Apache Pig Introduction

What is Apache pig?

Apache Pig is an open source platform, built on the top of Hadoop to analyzing large data sets.

Objective: Apache pig is designed to handle any kind of data like structured, semi-structured and unstructured data.

Introduction

* It is a high-level data flow language called as pig Latin.

* Pig Latin is similar to SQL language, used to execute queries on huge datasets that are stored in HDFS.

* Pig was developed by Yahoo to help Hadoop programmers to analyze large unstructured data.

* It mainly helps to reduce the complexity of writing code in java.

i.e 10 lines of code in Pig equal 200 lines of code in Java.

* Pig operates on Hadoop platform to perform reading, writing and processing data (in detail explained in hands-on article).

 

Why Apache pig is used?

The Apache pig is used for the following reasons like,

* The main reason of using Apache pig is it can handle any kind of data like structured, semi-structured and unstructured data.

* It is simple query language like SQL (structured query language), easily we can learn and write the query to perform the task.

* Apache pig reduces the LOC (line of code) compare to the java programming, so it’s a boon for programmers.

* It reduces the complexity of map reduce task using pigLatin script.

i.e Previously map reduce task was done using java program, it was lengthy program and difficult for coding and teasting.

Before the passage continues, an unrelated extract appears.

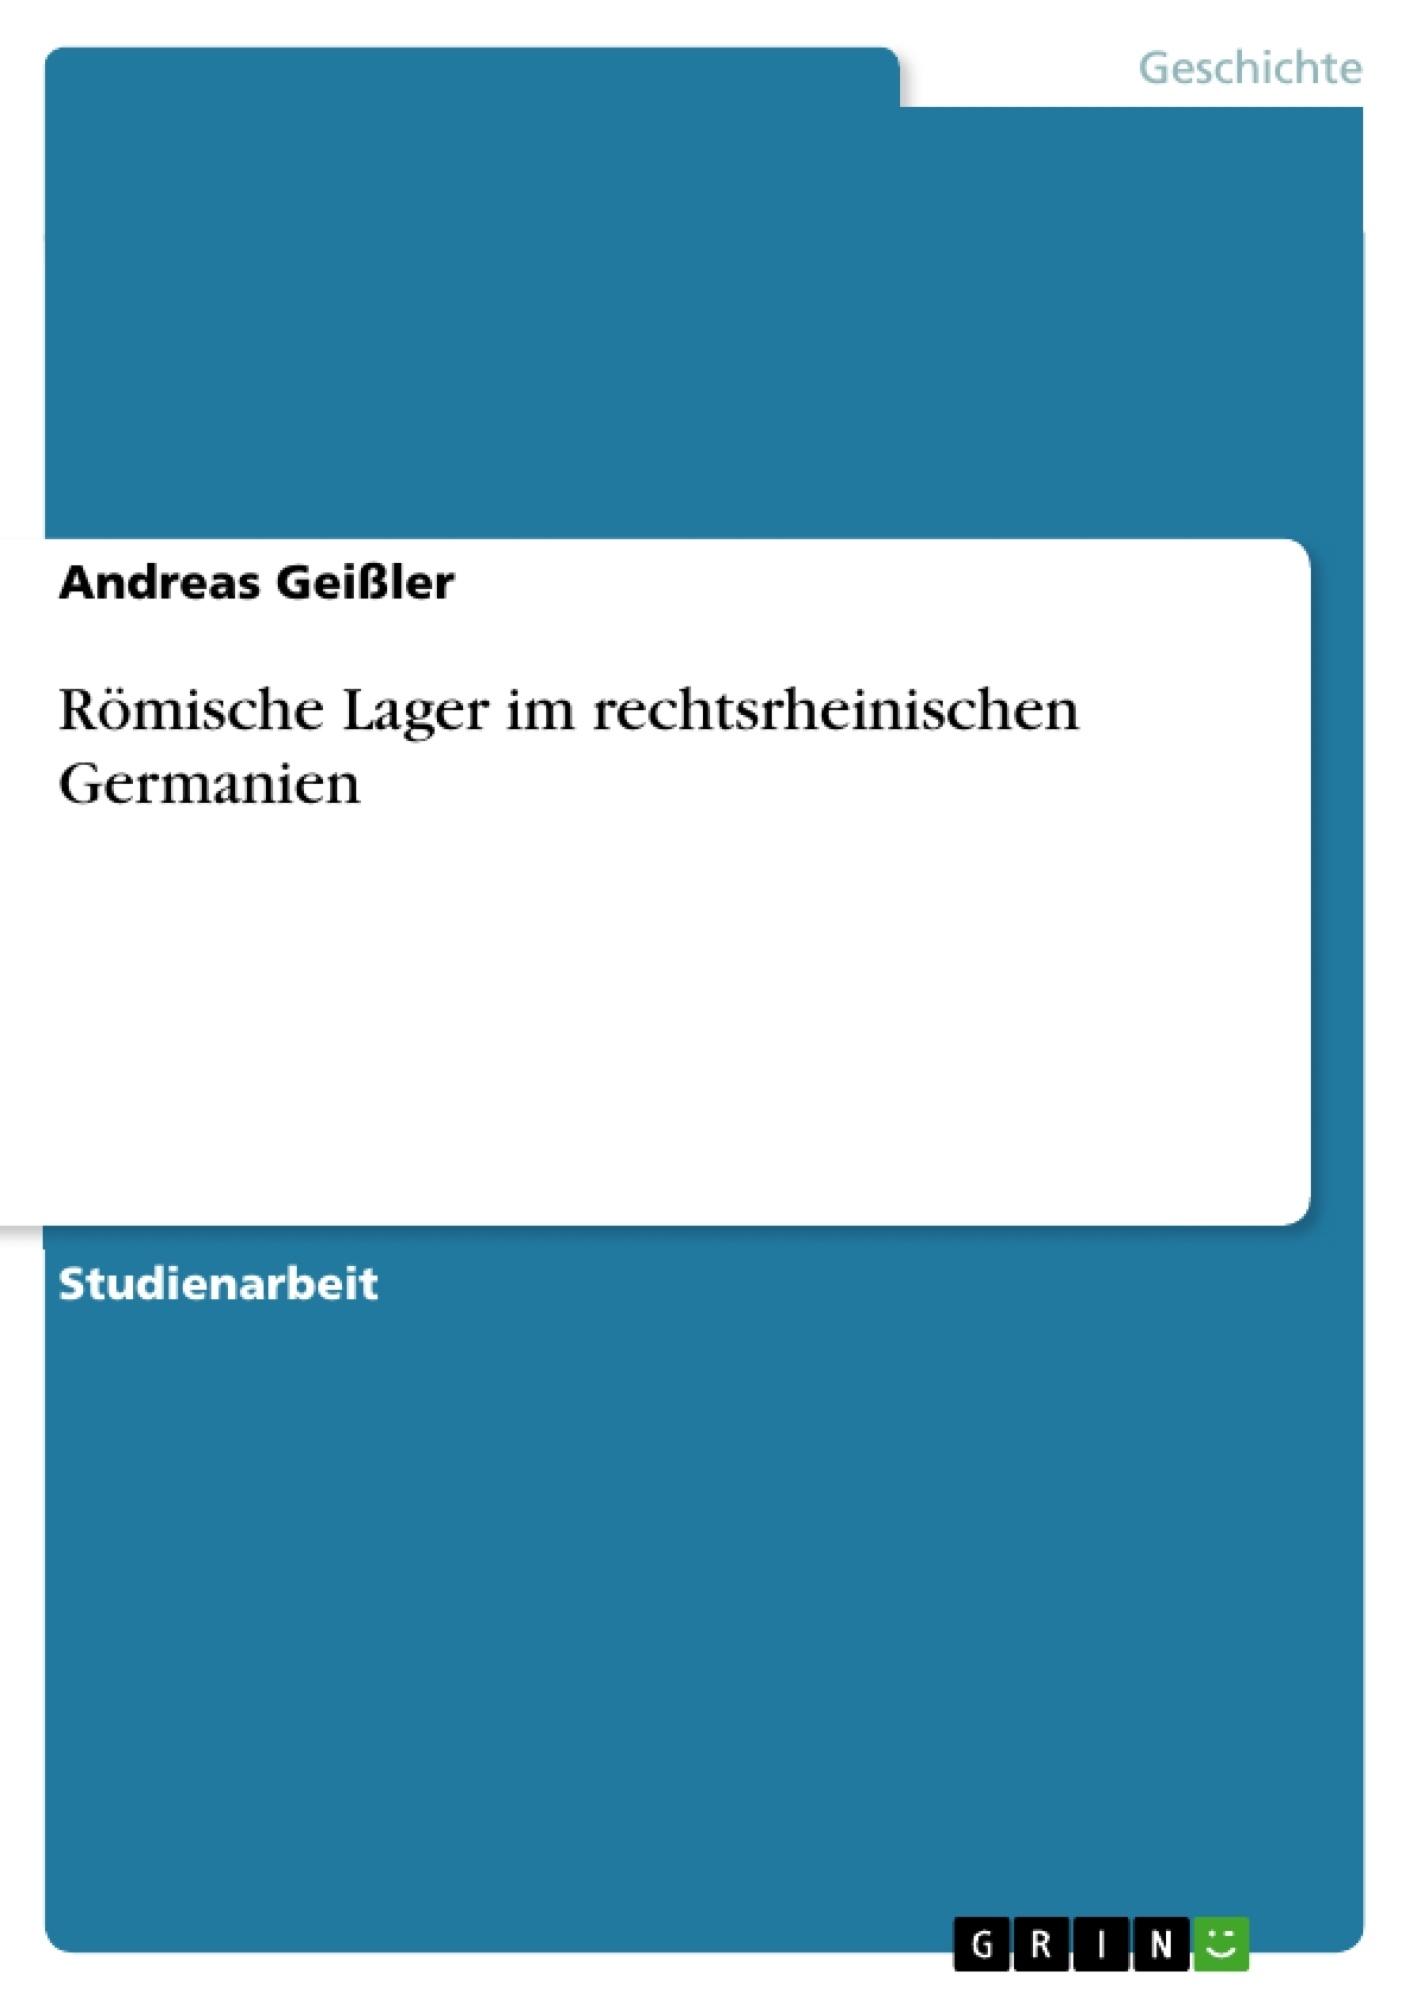 Titel: Römische Lager im rechtsrheinischen Germanien

In case of pigLatin, it is simple for coding and debugging.

* Apache Pig provides rich built-in operators to support data operations like joins, filters, ordering, etc.

* It also provides nested data types like tuples, bags, and maps (in detail explained in pig latin basics article).

Reference                                                                                   

https://cwiki.apache.org/confluence/display/PIG/Index

“That’s all about the Apache Pig introduction. I hope this article gives brief overview of Apache pig”